Comics and cartoons are beginning to spring up as serious media in countries from Egypt to Iran. The article mentions an Egyptian comic magazine, TokTok, that was founded by various artists and graphic designers to illuminate the country’s budding comic scene. From Bank:

As well as publishing new stories, the initiators also want to make a point of informing people about their predecessors in this art form.

This is why the very first edition, which was entirely self-financed, published an article about the illustrator and caricaturist Hegazi, one of the most significant caricaturists of the 1960s, who was known for his drawings about the hardships of the “little man on the street.”

The creators of TokTok are particularly keen for people to understand that their art did not develop out of nowhere, that it is not simply copying Western models, but is clearly rooted in a domestic tradition.

Comics are also being used in Arab nations as an outlet to criticize corrupt figureheads and governments. Another related article on Qantara.de describes the Iranian graphic novel Zahra’s Paradise. The graphic novel, created by anonymous artists A Mir and Khalil, criticizes the brutality and political corruption that pervaded the 2009 protests against elections in Iran. (For the full article by Marian Brehmer (translated by Aingel Flanagan), click here.)

Furthermore, political cartoonist Ali Ferzat has been a bastion of anti-censorship and political criticism in Syria and “…has no intention of letting the censors keep him down,” despite being violently attacked and injured by Syrian authorities, according to an article on IndexOnCensorship.org by Malu Halsa. The website was founded as a forum for reporting, analysis, and discussion of free expression issues.
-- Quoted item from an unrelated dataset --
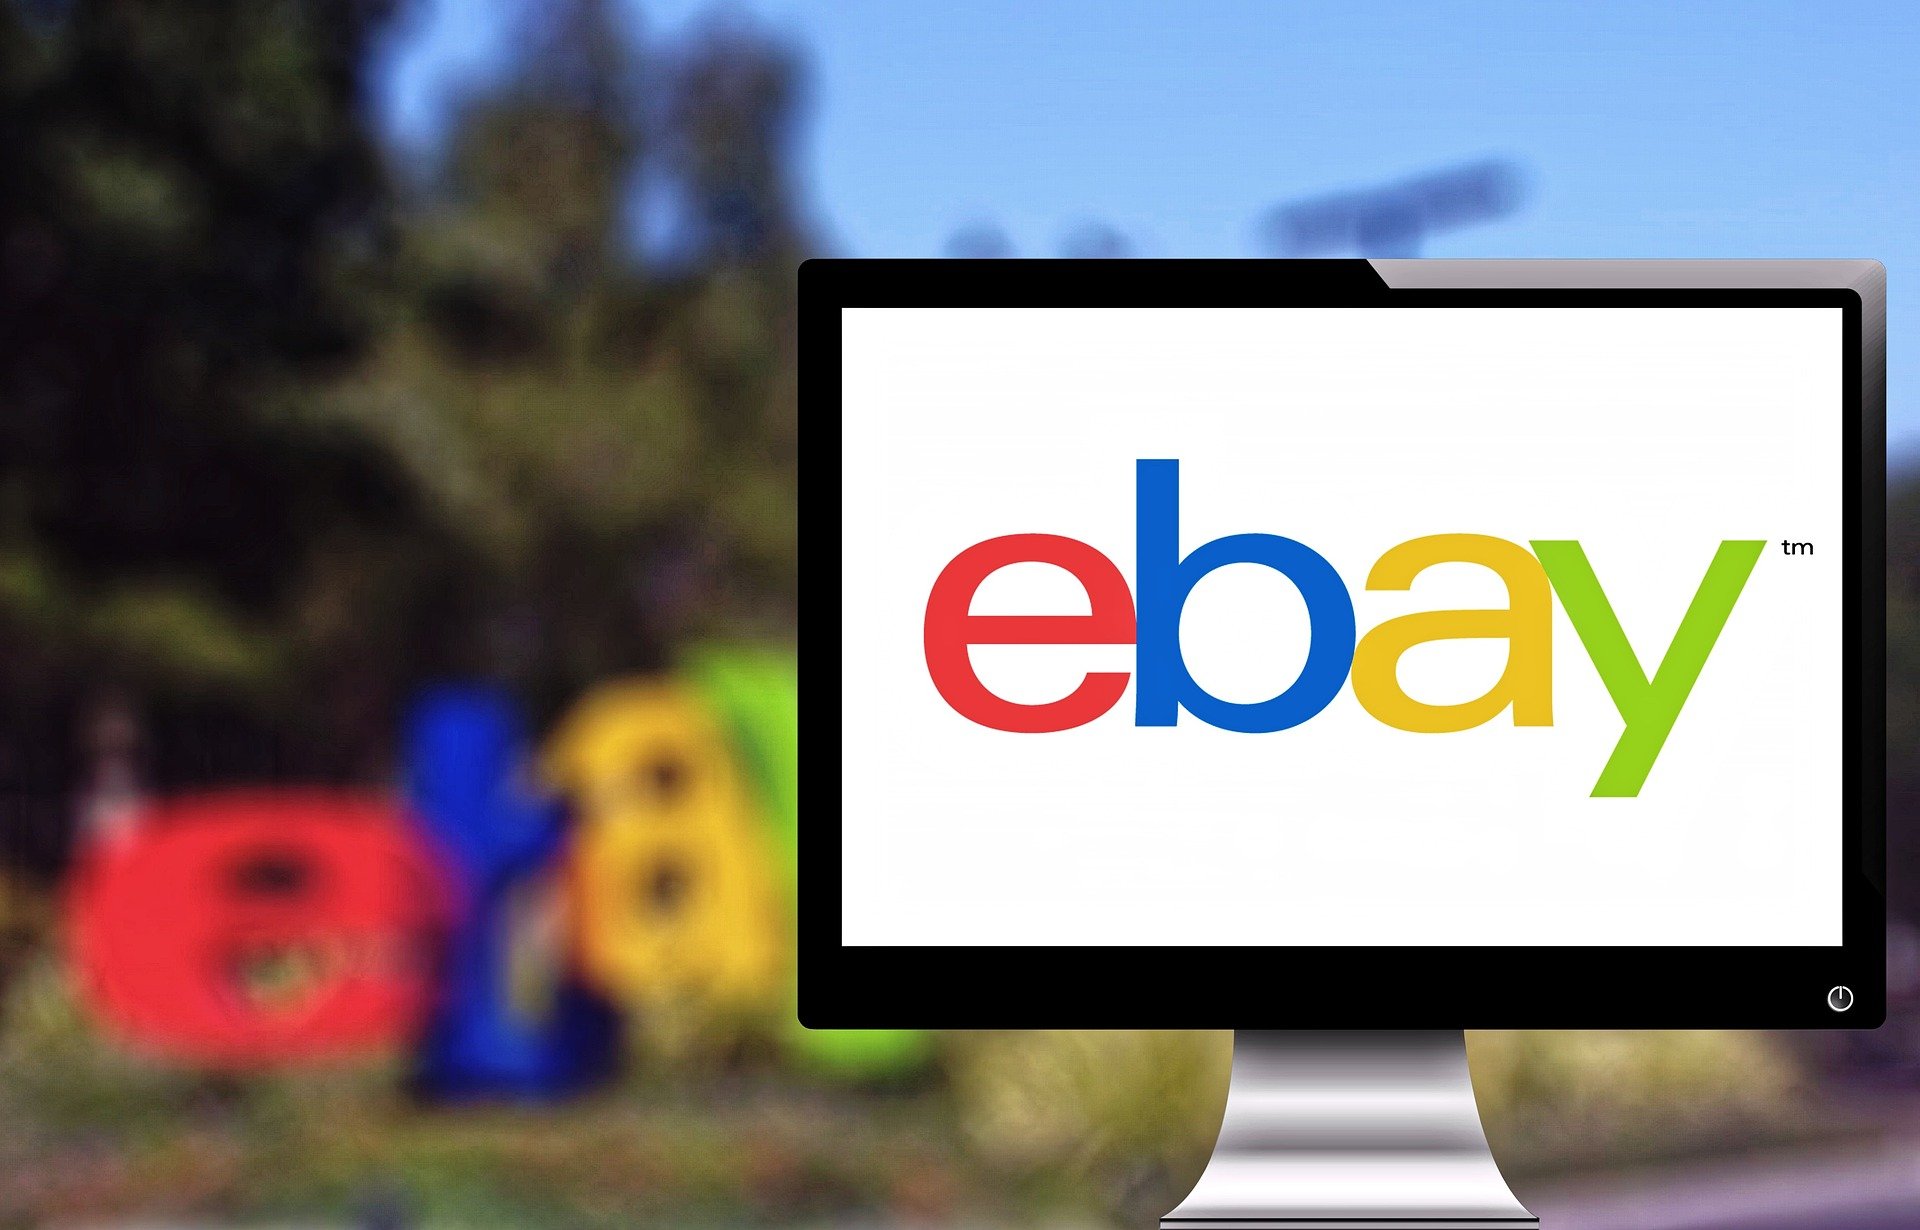 ebay - computer screen image - saving on school uniform costs
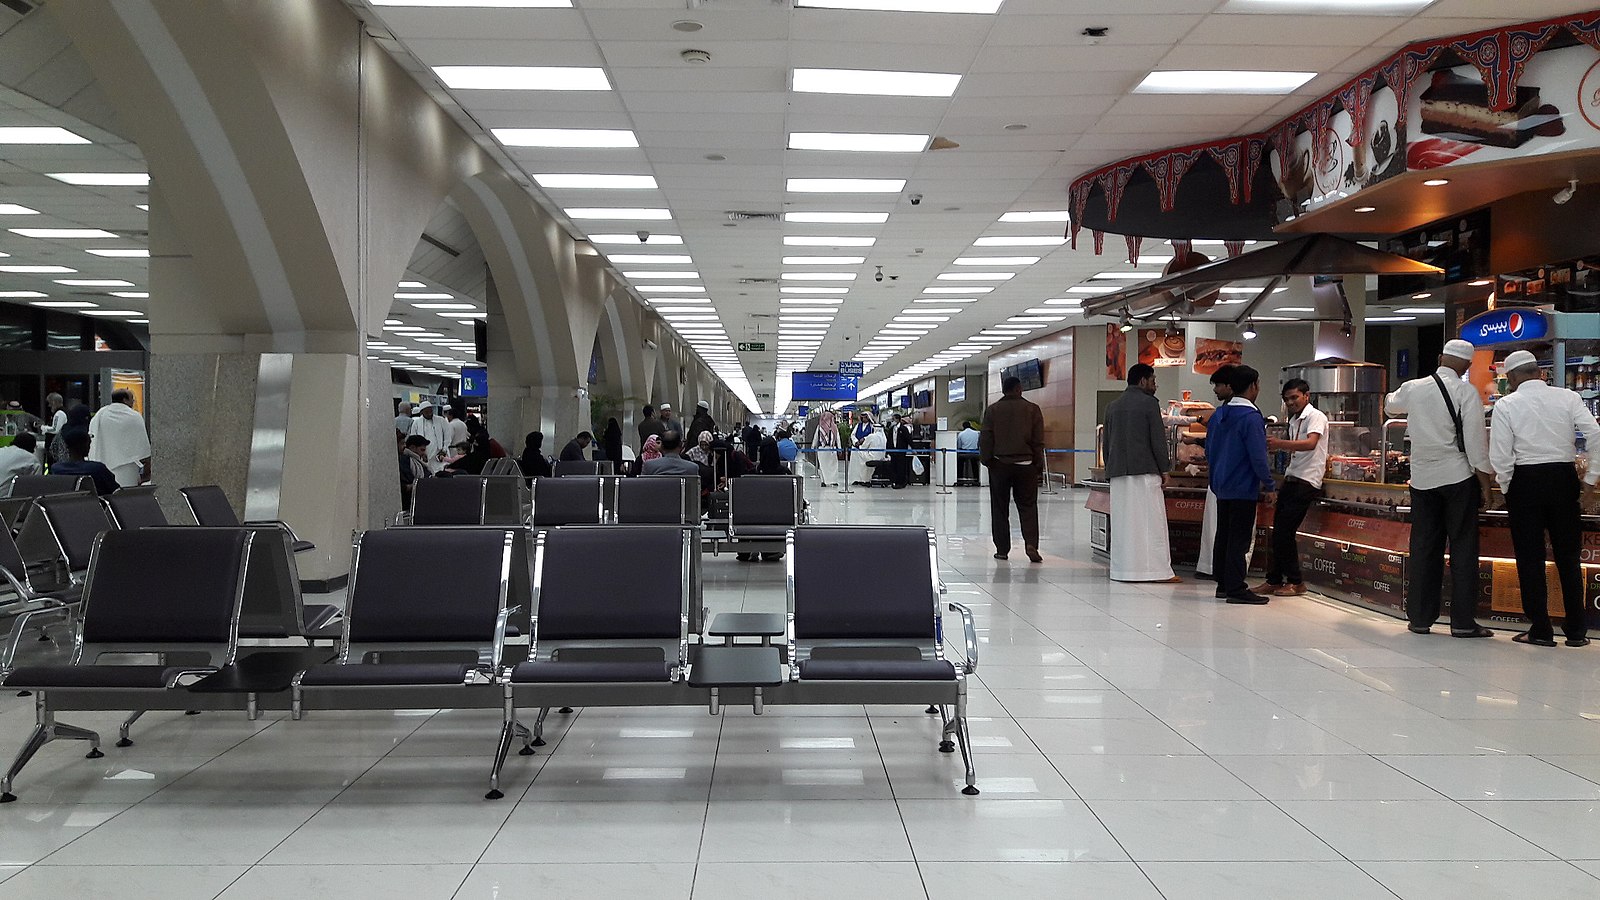 King Abdulaziz International Airport (JED) or KAIA, serves Jeddah in Saudi Arabia.

From Halsa’s article, entitled Creative Dissent in Syria“:

Three months before the start of the Syrian revolution in March last year, Ali Ferzat broke with his own satirical convention: he stopped using symbolism in his cartoons to criticize the regime and began to target identifiable individuals, including the president himself. He describes the shift as pushing through “the barrier of fear.” The first cartoon in Ferzat’s new series showed President Bashar al Assad agitated at seeing the traditional day of mass demonstrations against the regime, Friday, marked on a wall calendar. Another had him hitching a lift from Gaddafi making his own getaway in a car. The third featured the “chair of power,” one of Ali Ferzat’s iconic symbols, with the springs popping out of the cushion and Bashar hanging onto its arm.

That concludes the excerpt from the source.